**WHAT THE TASK REQUIRES:** Only the lines from the "ingersoll rand 375" line through the last line of the material below belong in the answer, reproduced exactly and with no pictures.

#### DATA EXCERPT

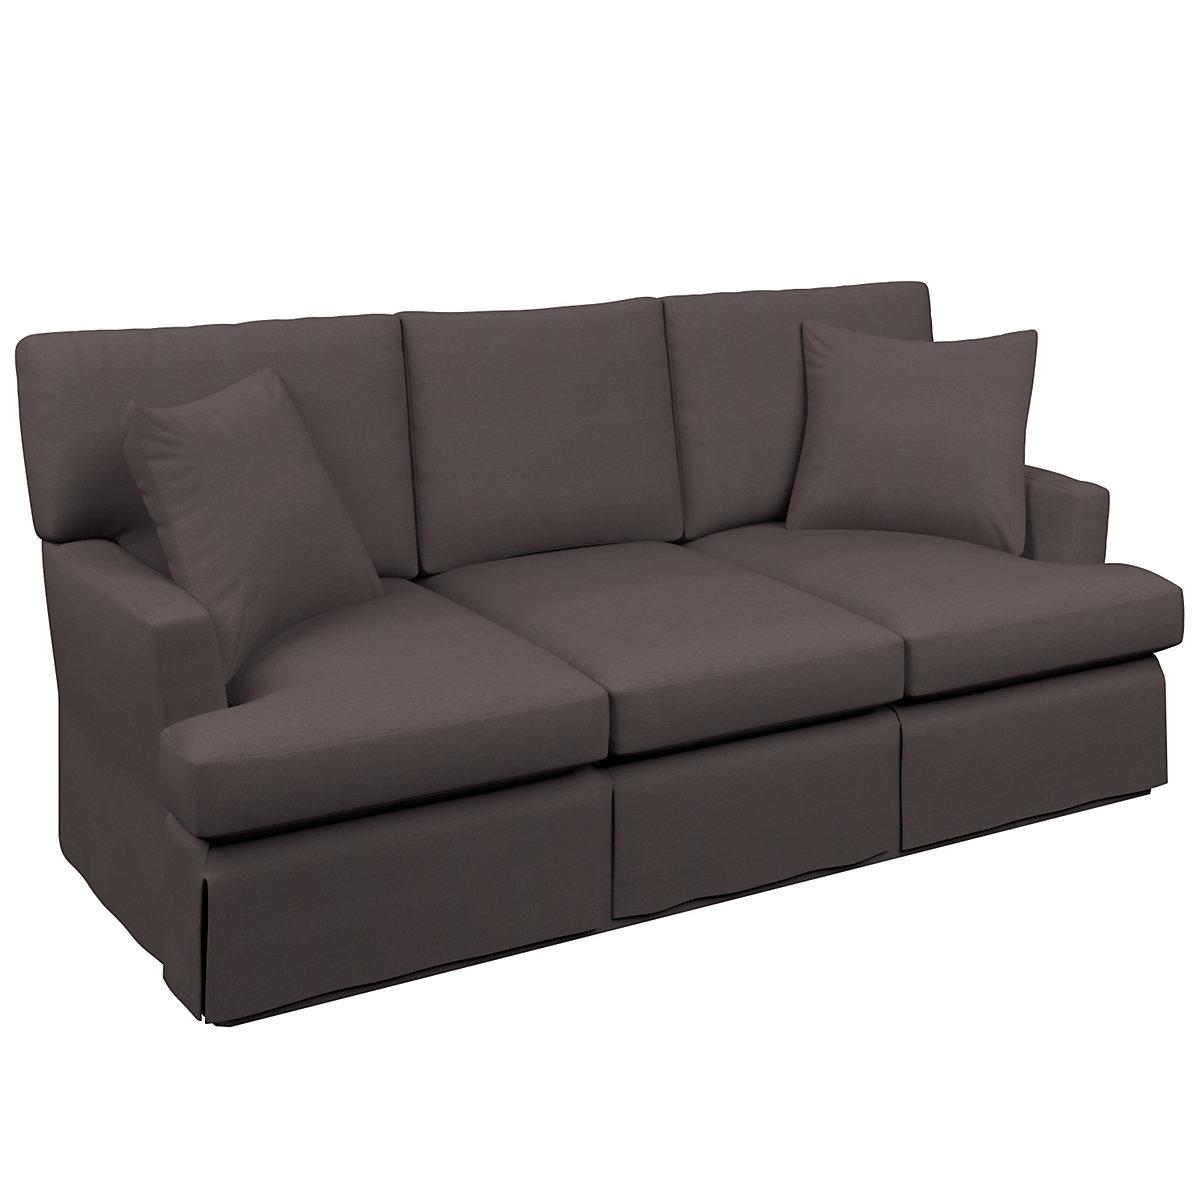 Estate linen shale saybrook 3 seater upholstered sofa for Shale sofa bed
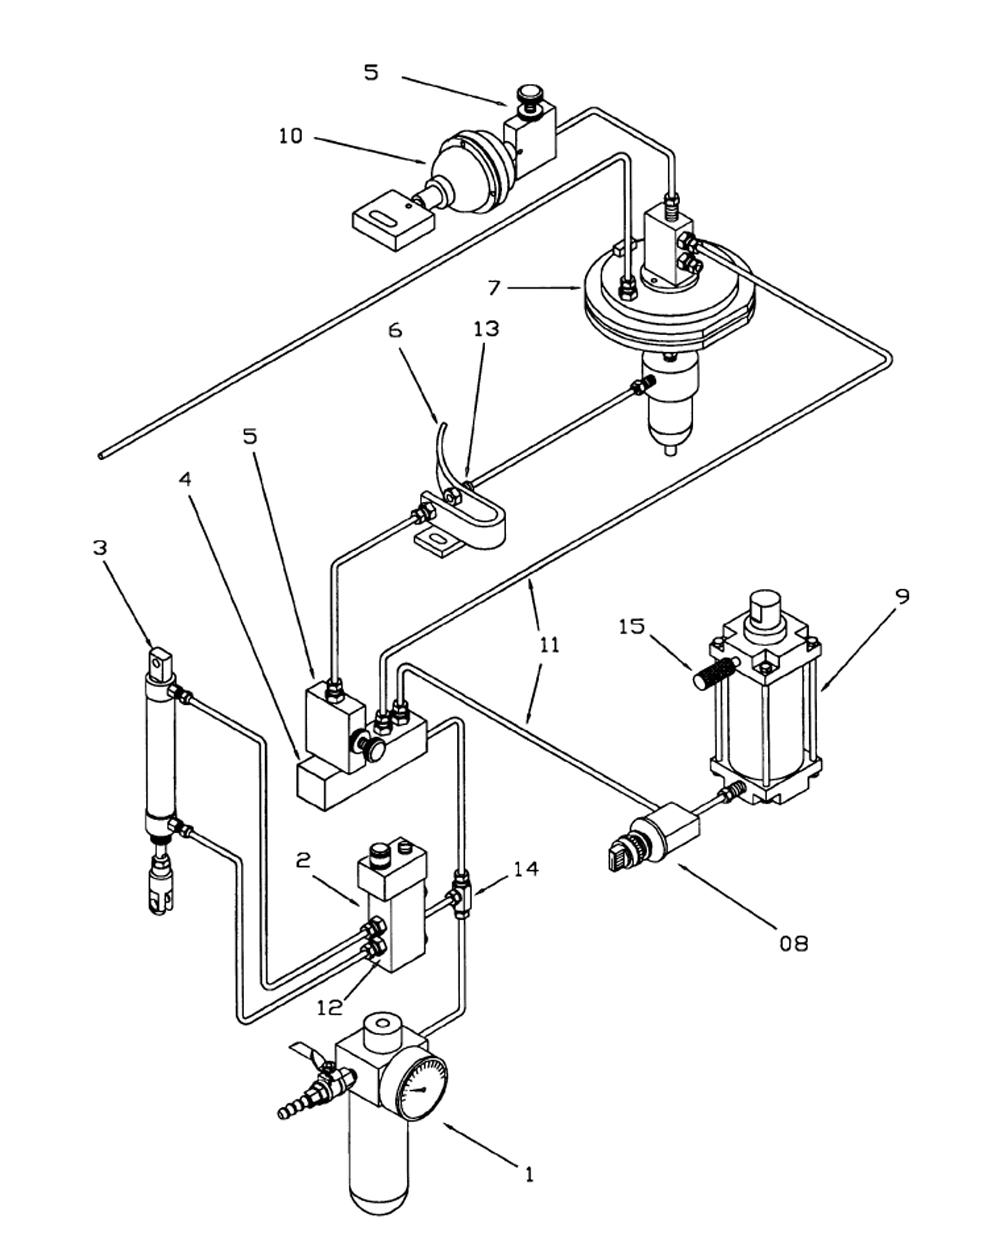 ingersoll rand 375 air compressor wiring diagram
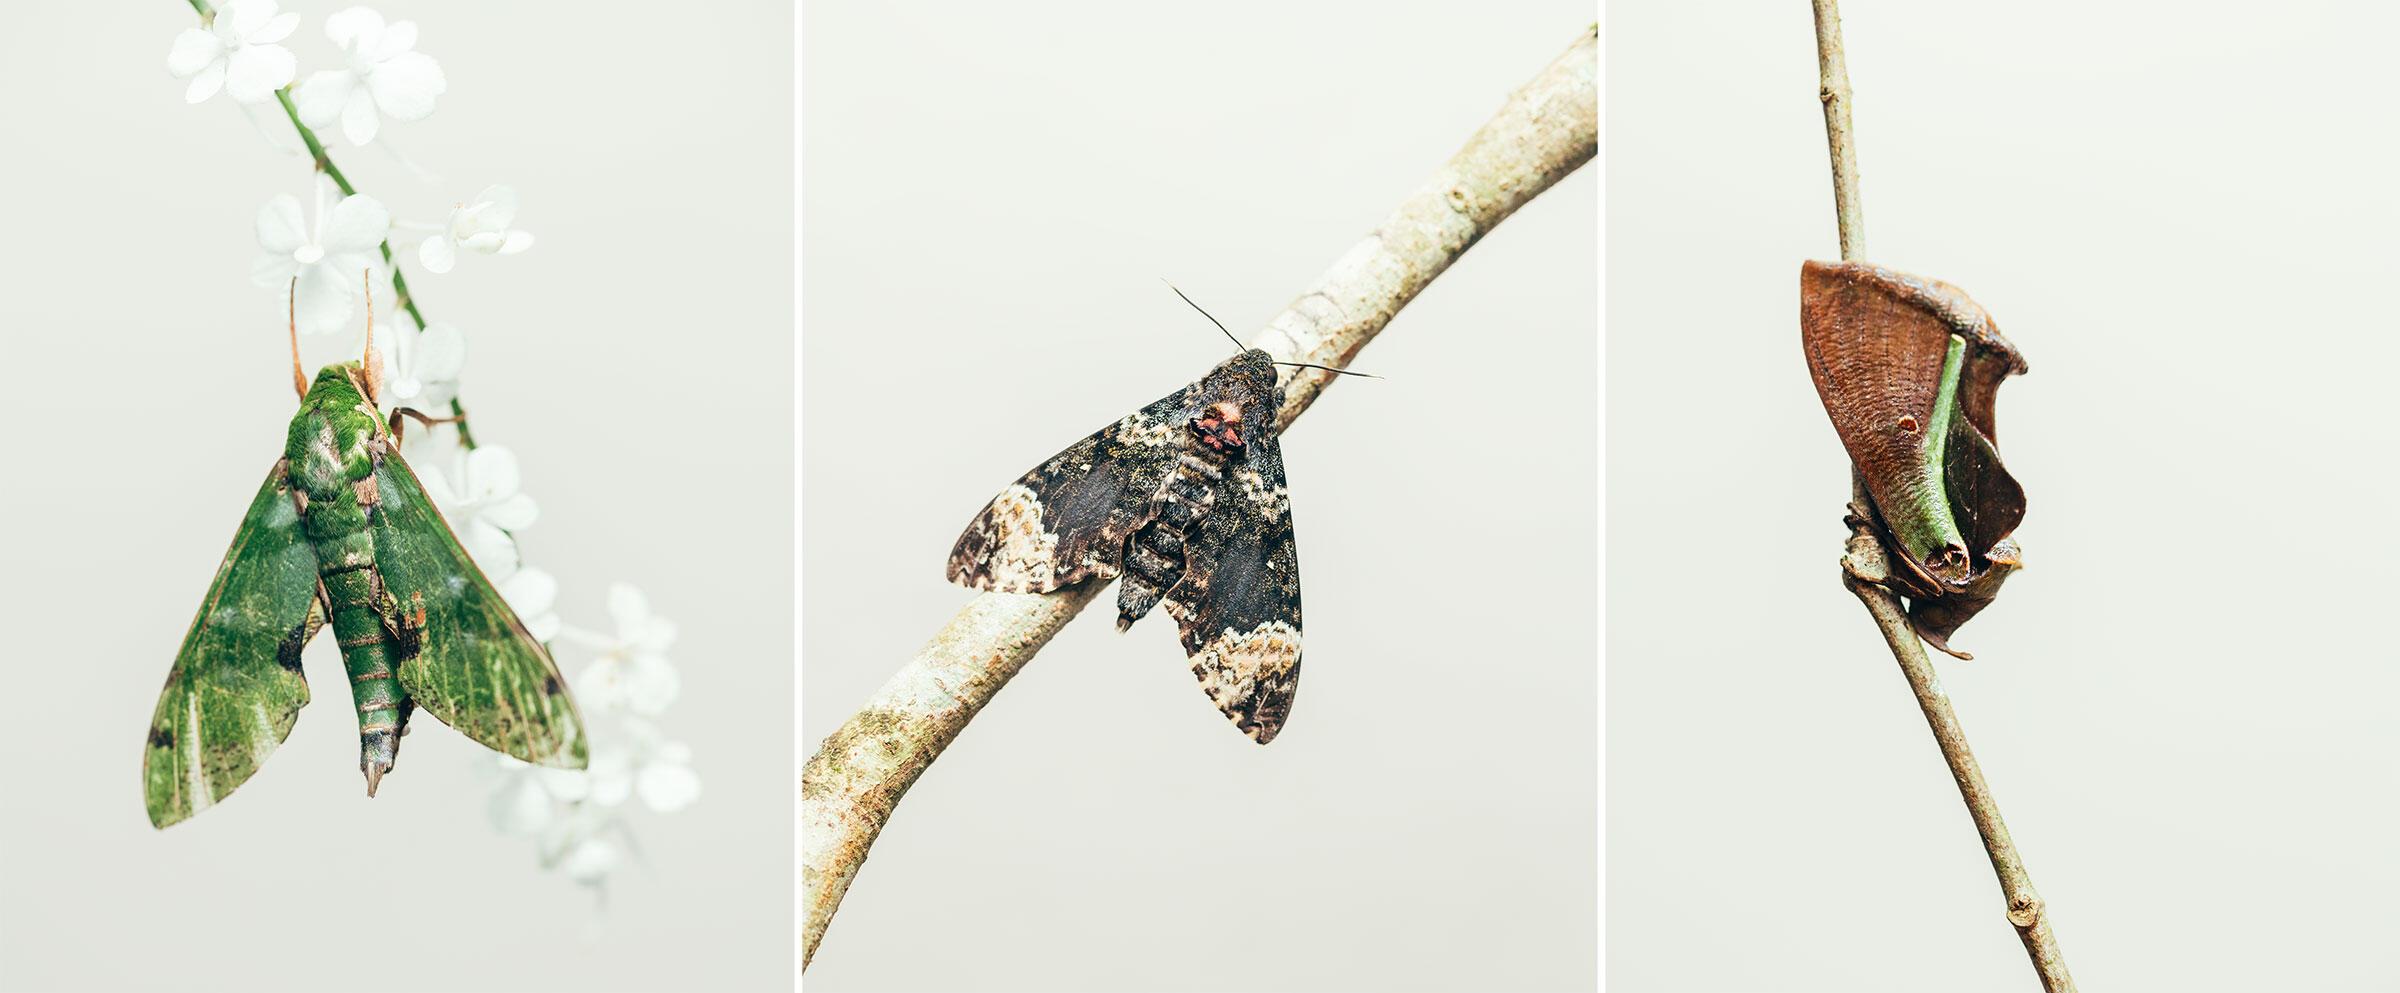 From left: Verdant hawkmoth; fulvous hawk; part of the genus of fruit piercer moths. Photos: Tristan Spinski

########

**ANSWER TO THIS EXERCISE:**
 ingersoll rand 375 air compressor wiring diagram
 From left: Verdant hawkmoth; fulvous hawk; part of the genus of fruit piercer moths. Photos: Tristan Spinski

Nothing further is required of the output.